Blueberries are my family’s favorite berry, and typically after a few days of berry picking, my counter is filled with bowls of fresh berries. I freeze about half the berries to use in smoothies, homemade ice cream, jam, cobblers, pies and blueberry muffins. The other half we eat straight from the bowl on the kitchen counter or sprinkle them on our salads, yogurt and granola. I also save a few pints to make my Blueberry Ginger Salsa.
This salsa is a result of my love for fish and fruit (and an overflowing mint plant). I’ve always felt fish and fruit were two fresh ingredients made for each other. The salty essence of the seafood combined with the fresh sweetness of the fruit is complimentary in flavor and intoxicating to the palate.

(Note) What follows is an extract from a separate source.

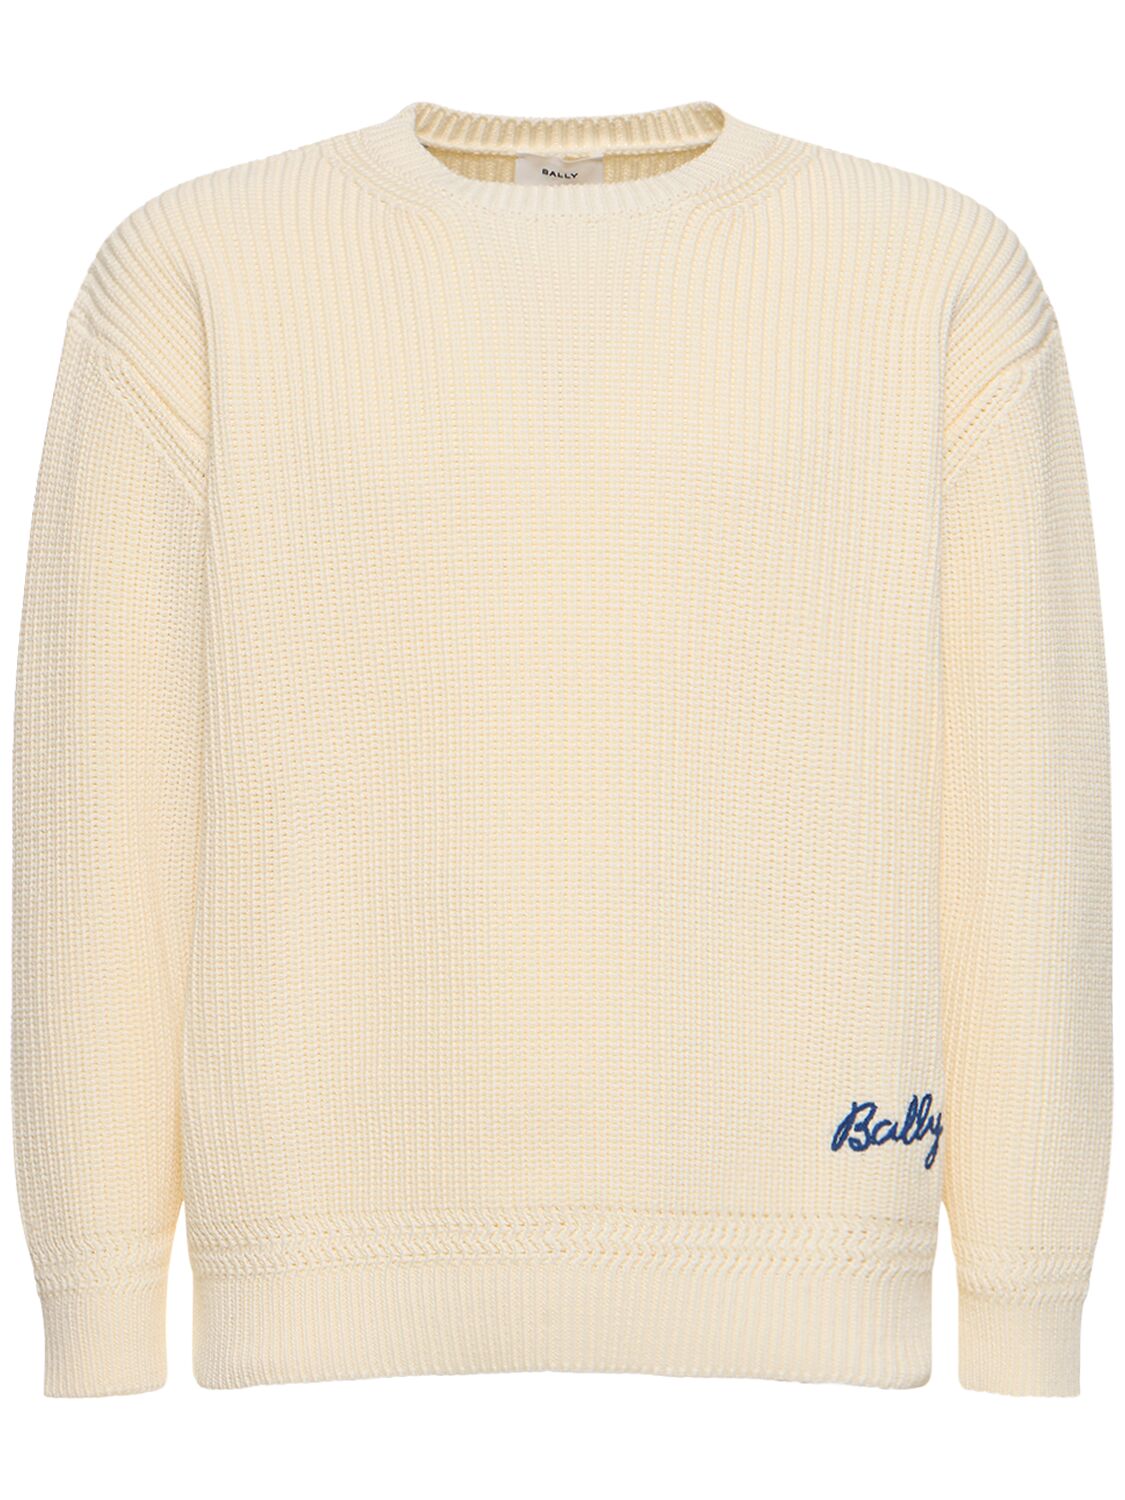 Bally Logo Cotton Sweater In Bone

Just like seafood, grilled chicken also pairs well with most fruit—especially this salsa recipe. On occasion, I’ll whip up this some Blueberry Ginger Salsa and serve it as a starter with seasoned pita chips and creamy goat cheese. However, most of the time you’ll find yourself eating it with a spoon. It’s that good!
Here, I’ve paired this salsa with fresh Dover Sole that I seasoned, rolled and then pan seared in a skillet with a tablespoon or two of ghee. Dover sole is such a delicate fish, sometimes it’s easier to prepare when it’s rolled and cooked. You can also place these Dover sole rolls in a greased baking dish and then pop it in a pre-heated oven at 350 degrees F. Brush the fish with olive oil and a squeeze of lemon and cook just until done. A good rule of thumb for cooking fish is to cook 10 minutes for every inch of thickness.
Yield: About 2 cups
- 1 pint fresh blueberries, coarsely chopped
- 1 small to medium shallot, finely diced
- 1 tsp. grated fresh ginger
- 2 T. fresh chopped mint (extra for garnish)
- 1 T. extra virgin olive oil
- squeeze of lemon juice
- salt and pepper to taste
In a medium bowl, gently toss together the blueberries, shallot, fresh ginger, chopped mint, olive oil and lemon juice. Season to taste with salt and pepper. Let it sit room temperature for about 30 minutes before serving. This will allow all those delicious flavors to meld together beautifully.
I love to serve this salsa with grilled chicken or fish. Or for a starter, serve with seasoned pita chips and creamy goat cheese.